## Work order
Give back an exact copy of the listing that follows, without the pictures.

## Collected data
=== Section Start ===
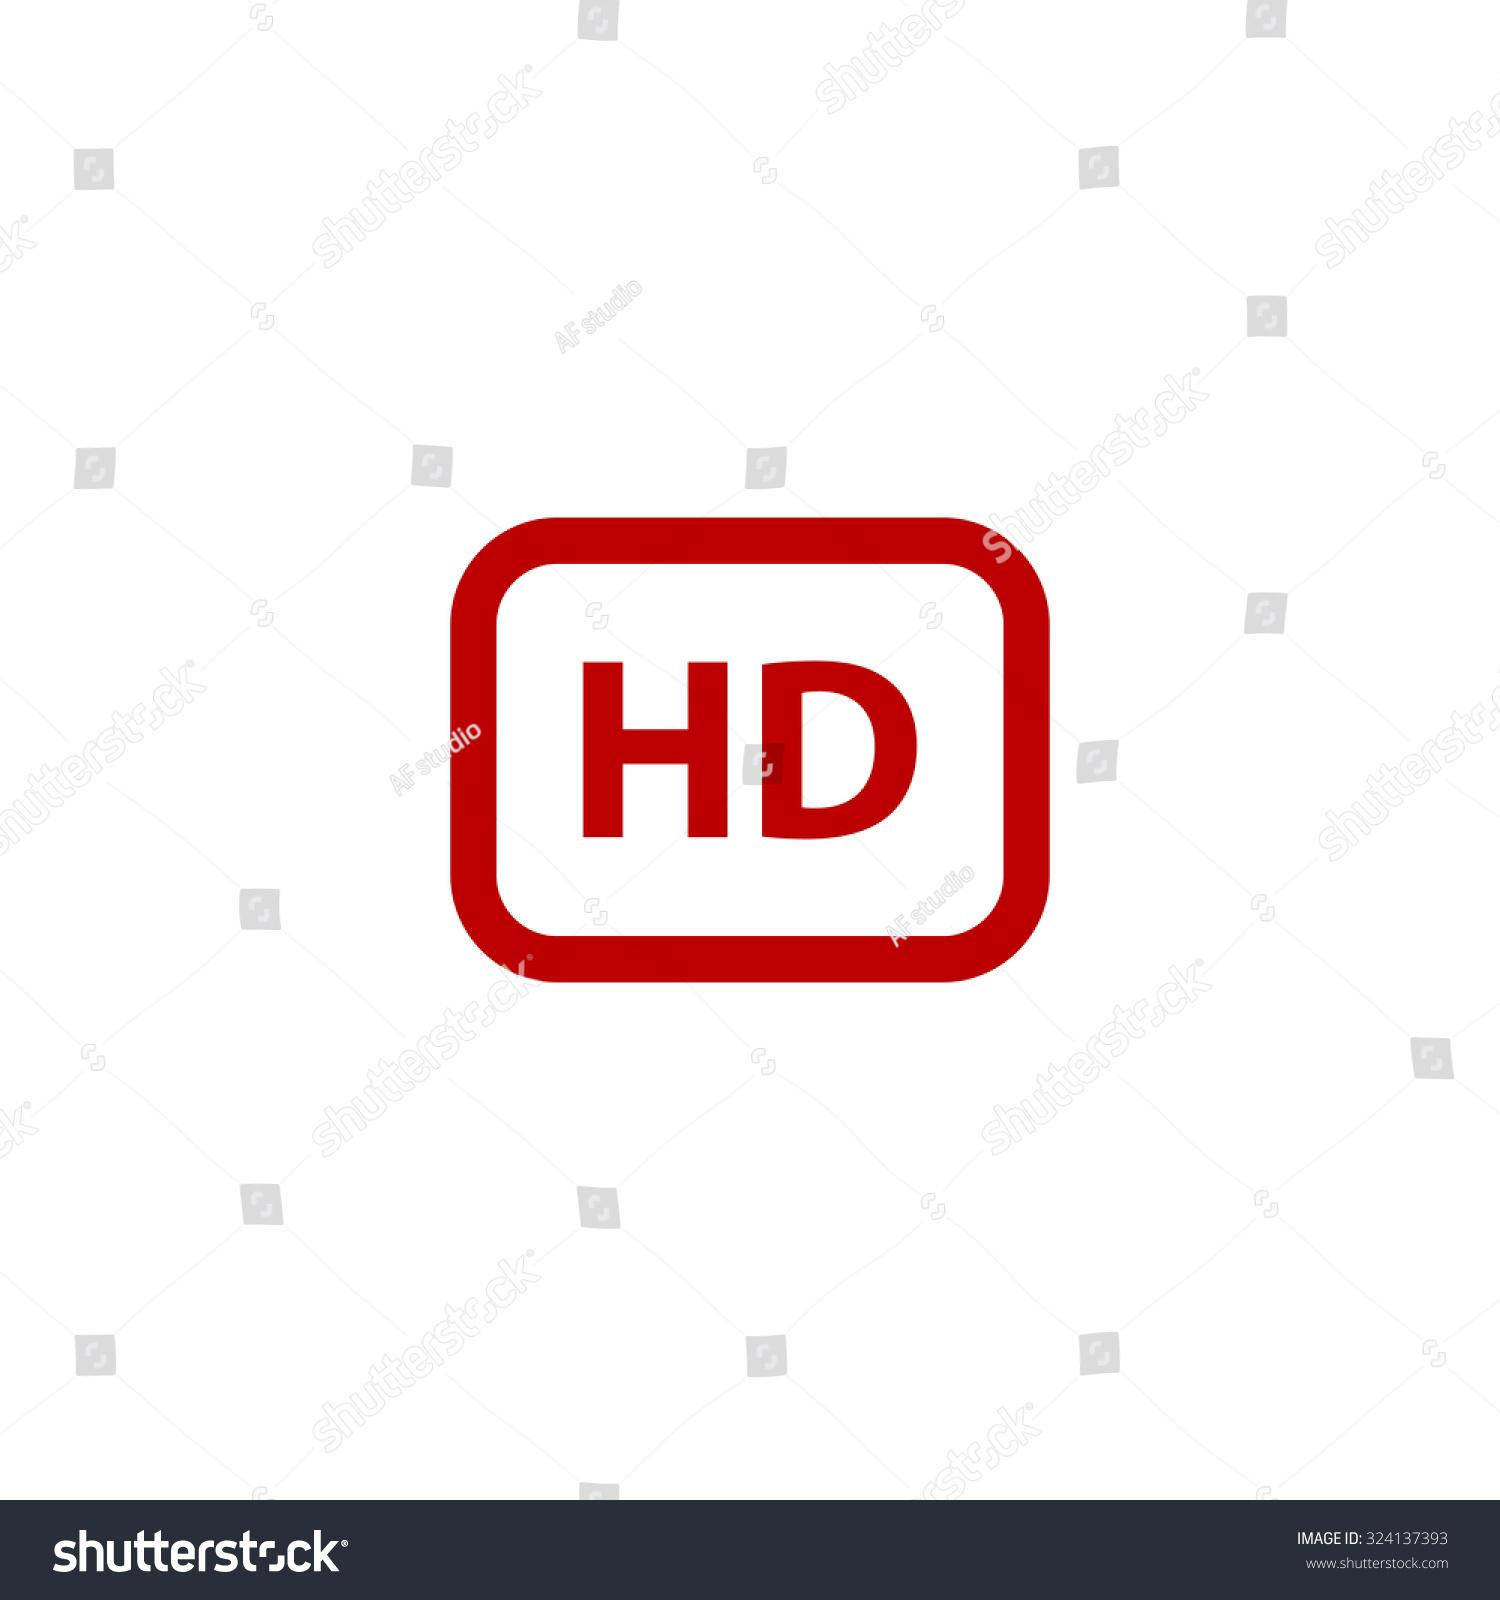 Hd word button red flat icon stock illustration 324137393 hd word button red flat icon illustration symbol on white background buycottarizona
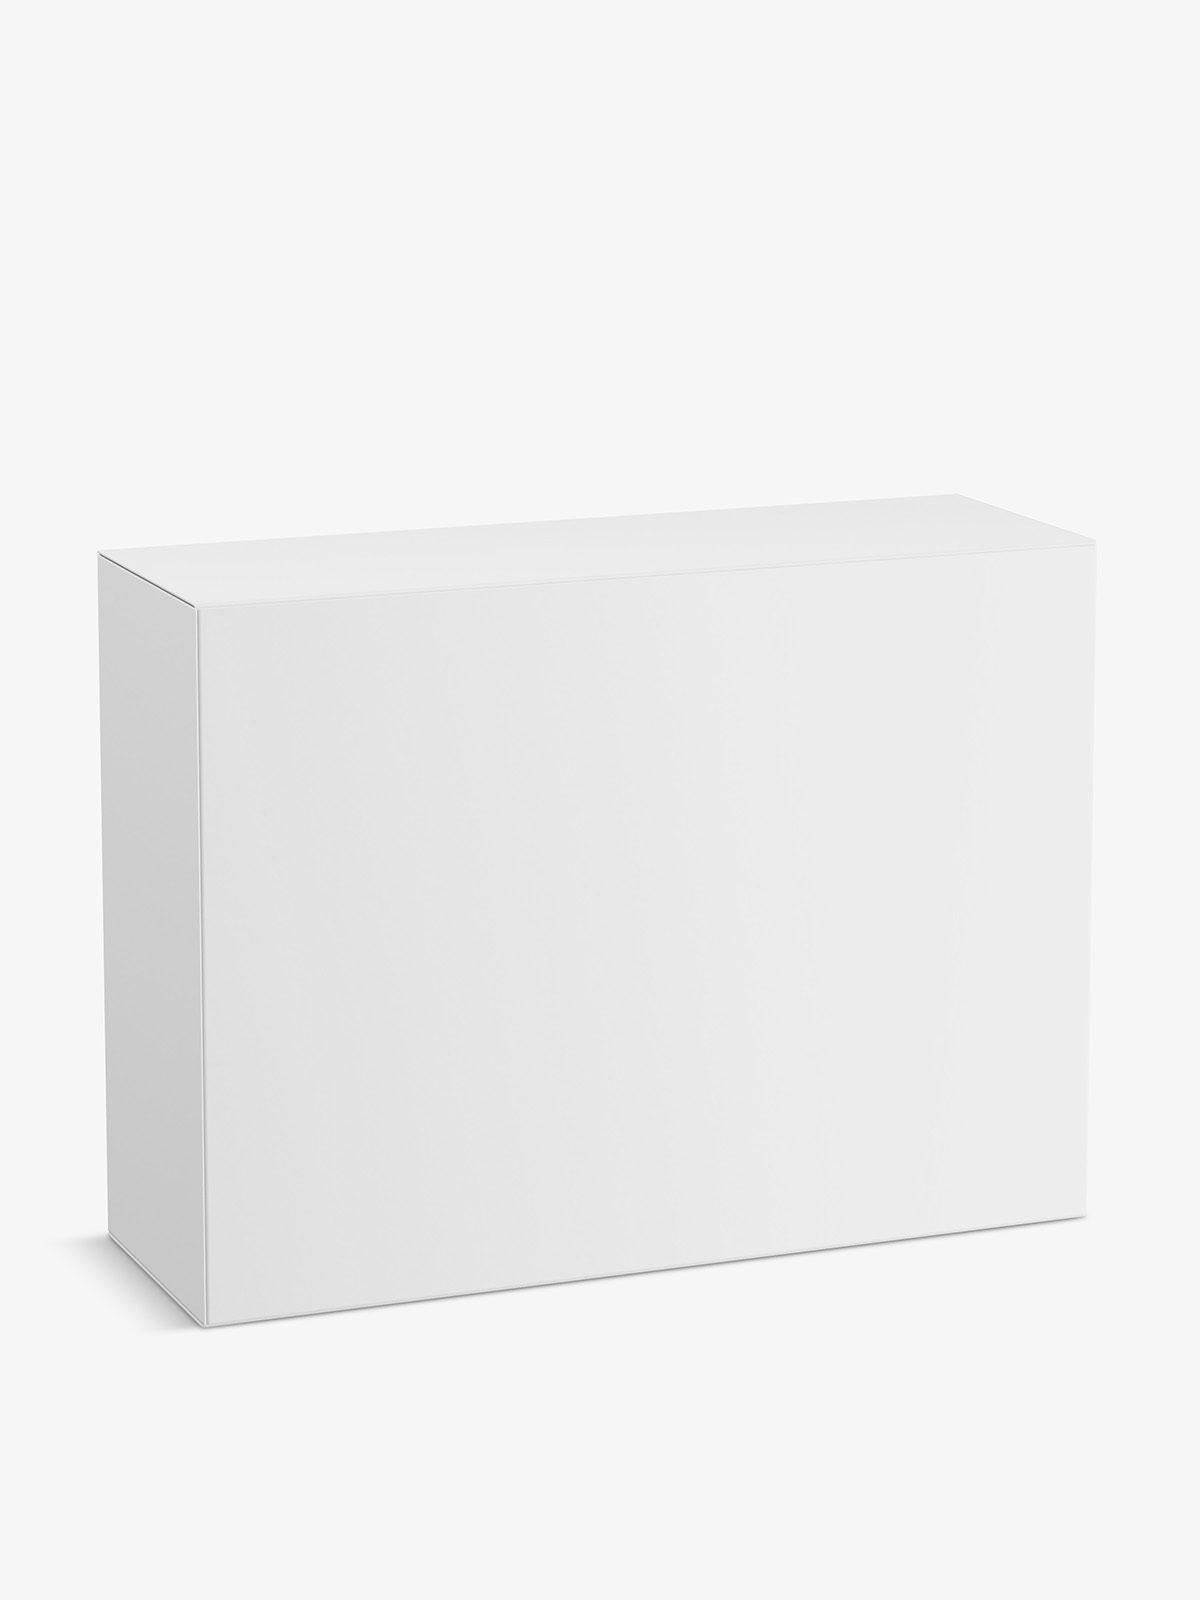 Cardboard box mockup / 200x150x70
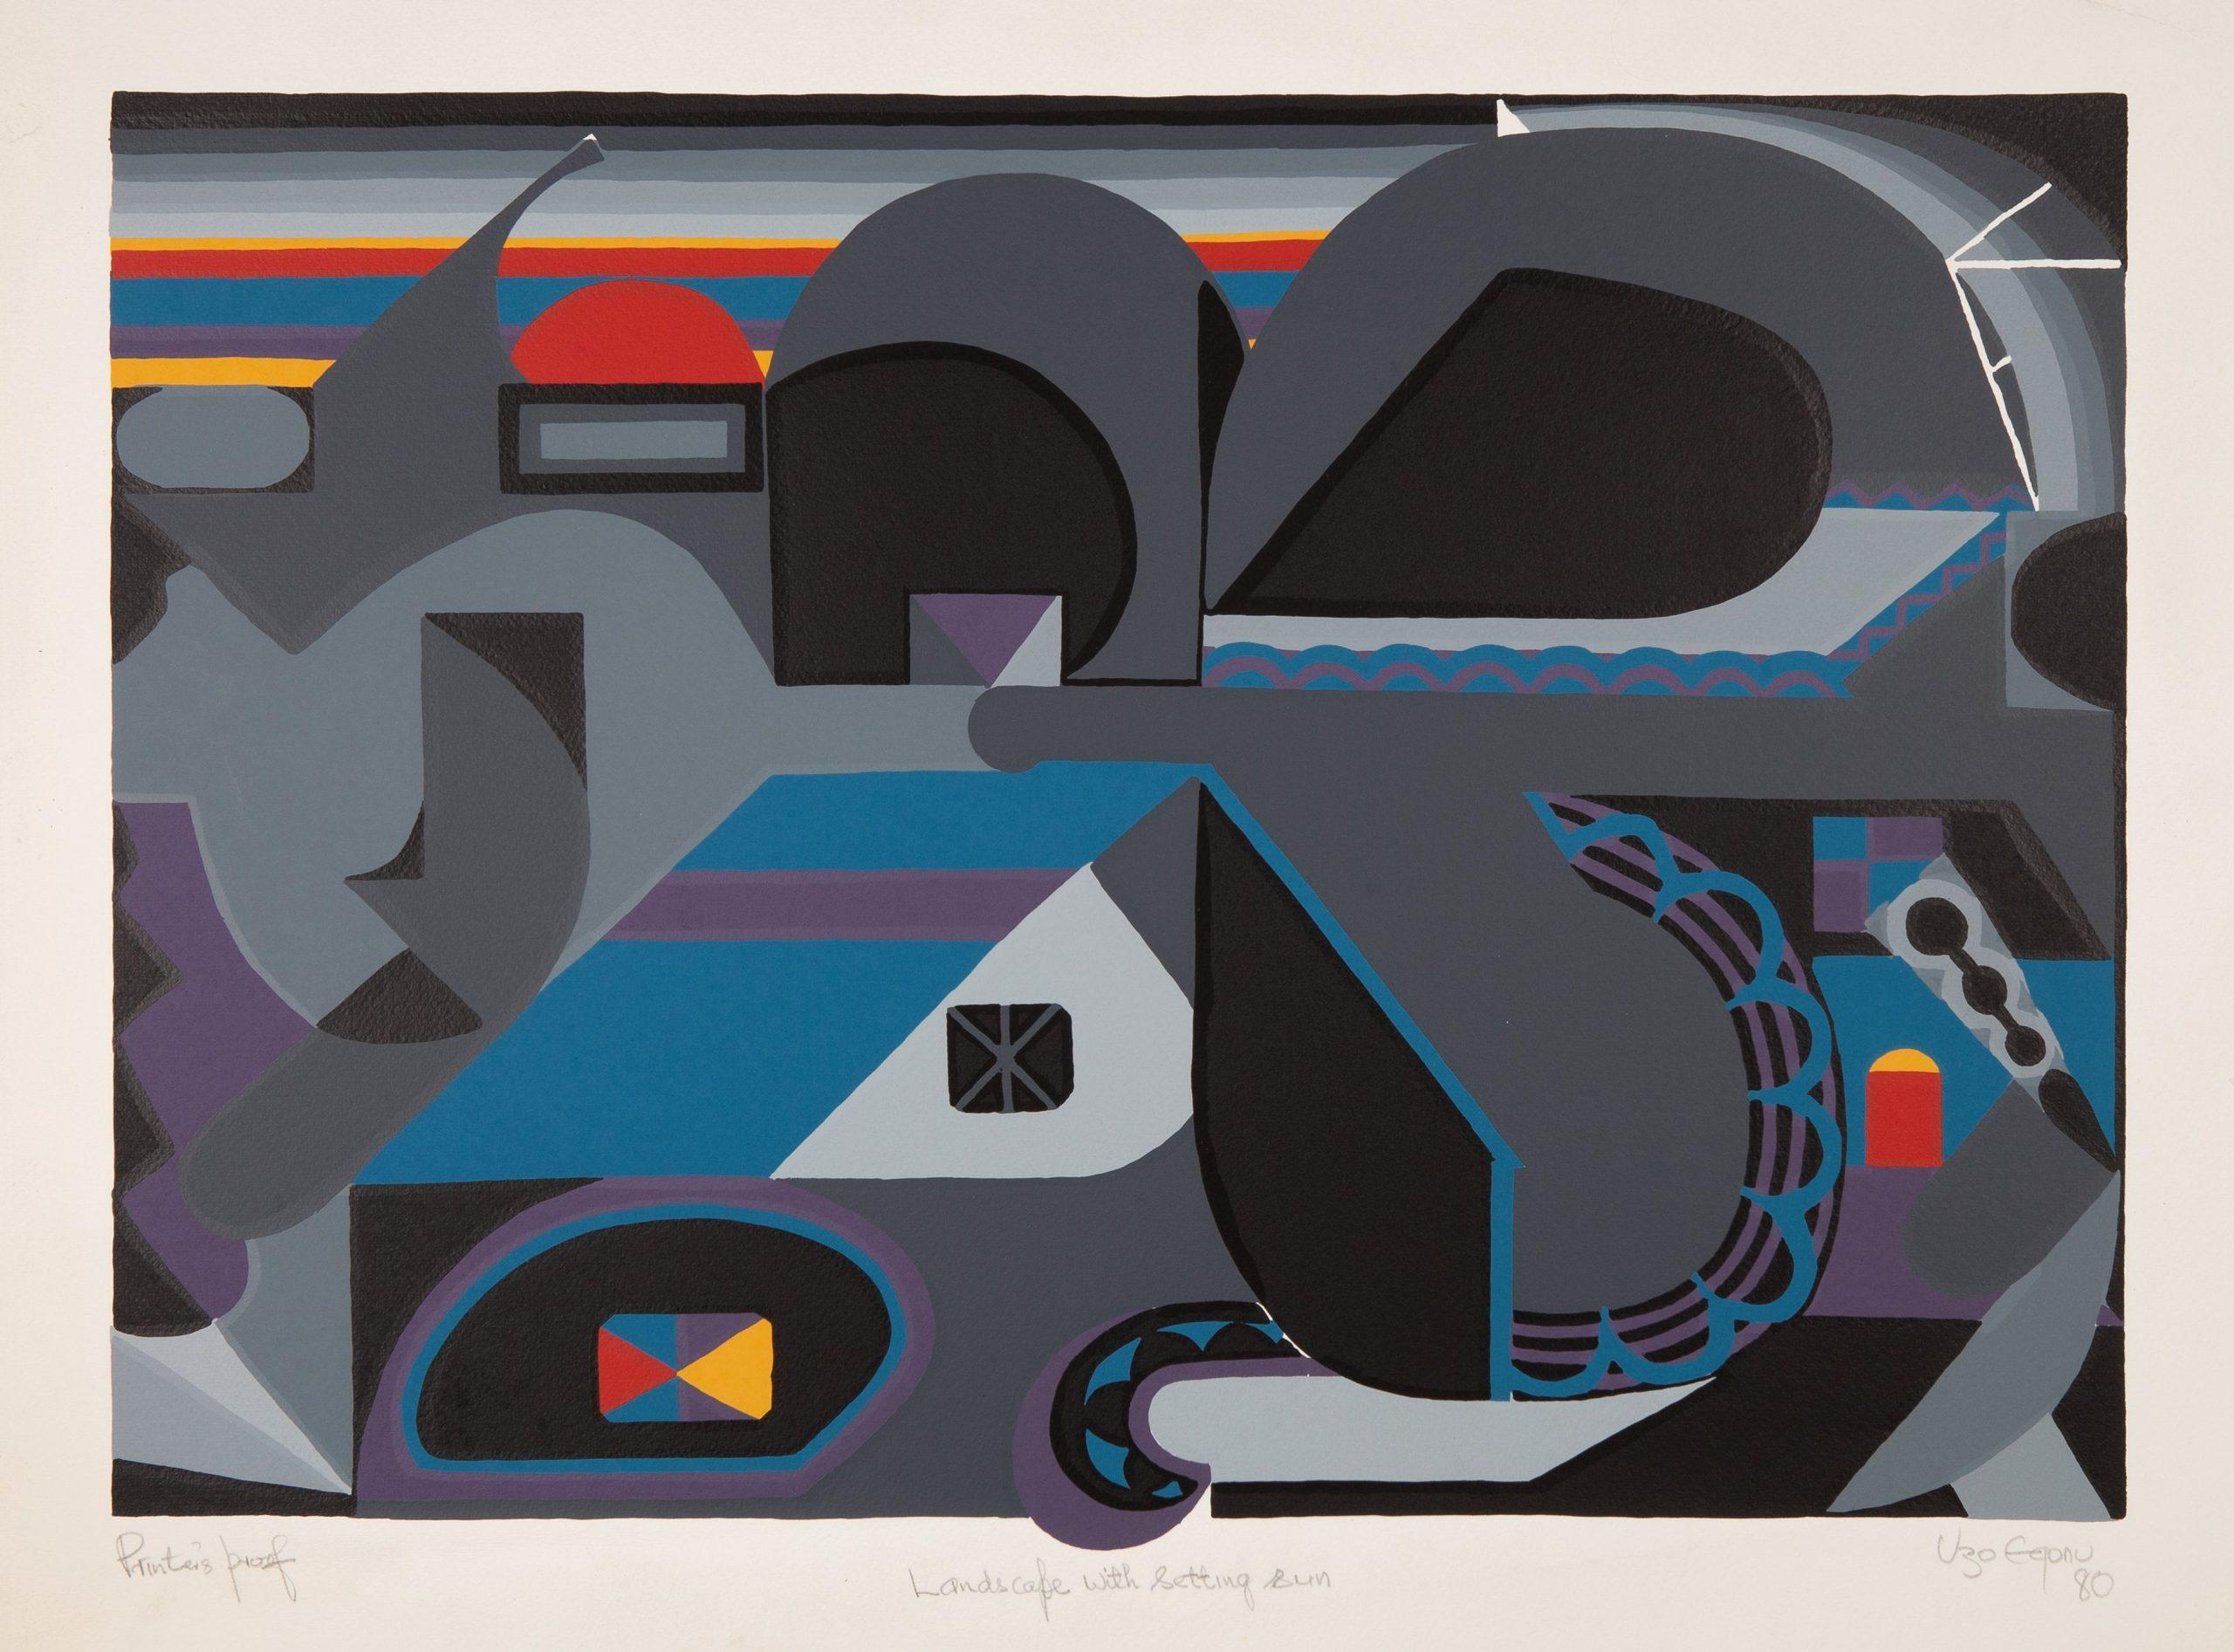 Uzo Egonu - Landscape with setting sun - 1980 - Screenprint on woven paper - 19.8 x 28 in. Printers Proof. Courtesy of Kó
=== Section End ===
## Your solution
 Hd word button red flat icon stock illustration 324137393 hd word button red flat icon illustration symbol on white background buycottarizona
 Cardboard box mockup / 200x150x70
 Uzo Egonu - Landscape with setting sun - 1980 - Screenprint on woven paper - 19.8 x 28 in. Printers Proof. Courtesy of Kó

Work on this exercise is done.